After an preliminary interval of hype, adopted by a discovery of steel or gasoline, a miner’s valuation typically hits a low level, often known as the ‘orphan period’. I feel that is the place Helium One is presently.

However as soon as a path to commercialisation is established, the Lassonde Curve predicts that its market cap ought to then begin to decide up.
Nonetheless, there are numerous obstacles that should be overcome earlier than this turns into a sensible prospect. The largest of which is the necessity to elevate plenty of cash. And this implies dilution for current shareholders, except they take part in any fund elevating.

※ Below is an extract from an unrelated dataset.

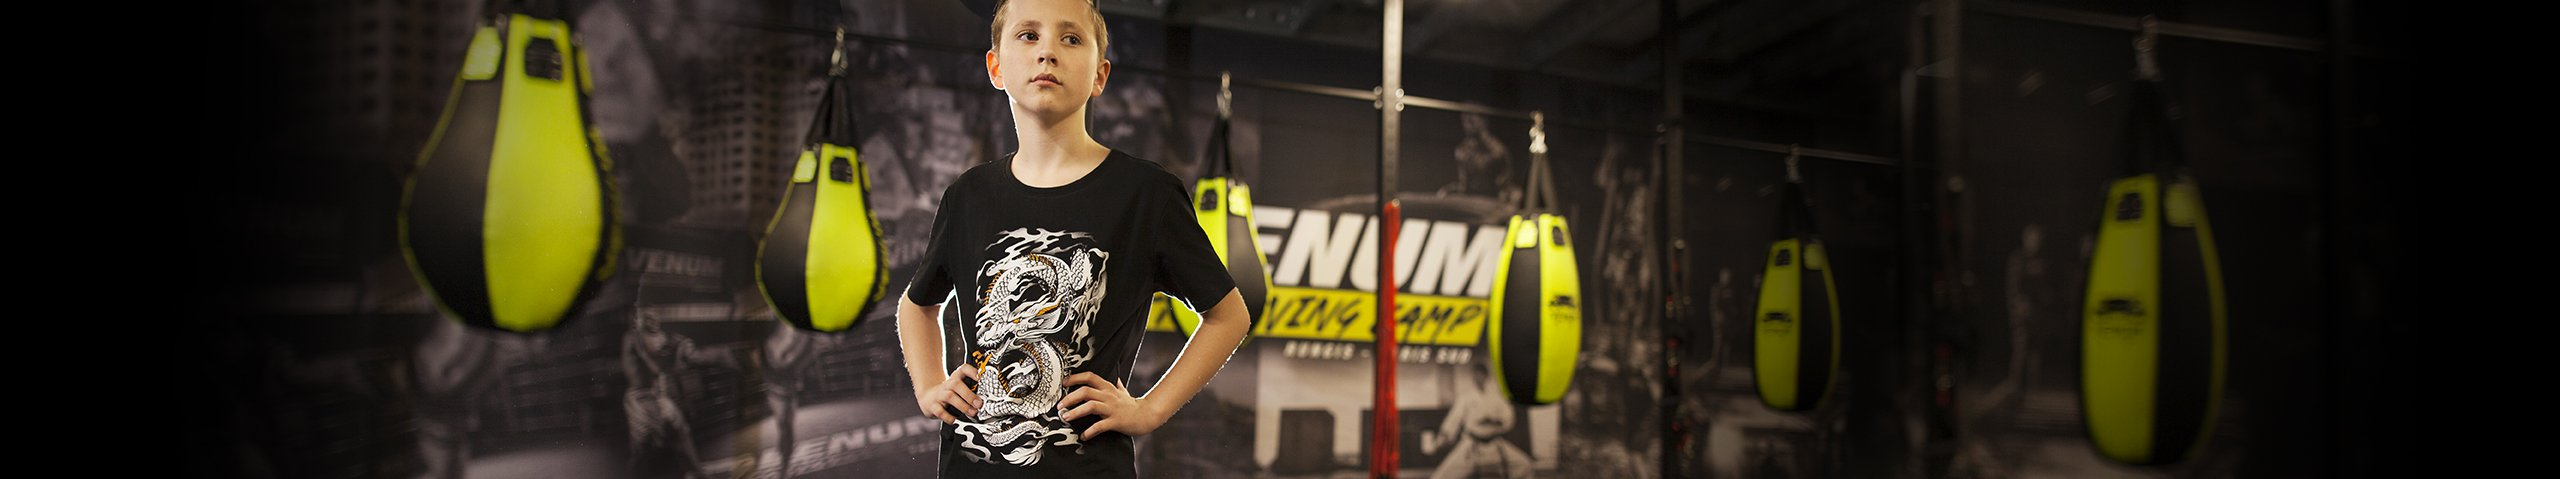 T-shirts Venum - Bambino - Venum.com Italia

On itemizing, the corporate had 139m shares in problem. It now has 5.9bn in circulation. It just lately needed to problem 15.7m to pay a key provider. In my view, this can be a bit like providing an vitality provider a share of your own home in return for waiving an electrical energy invoice.
What does this imply?
Going again to my instance of a £20,000 funding, let’s say the corporate has to lift £250m (roughly 5 occasions its present market cap) to start out producing income.
The investor’s possession of the corporate would then be diluted by over 80%. This wouldn’t be an issue if the worth of the corporate elevated by the same quantity. However that’s unlikely as a result of every spherical of fund elevating is more likely to happen at a reduction to the prevailing share price.
That’s why I don’t need to spend money on Helium One.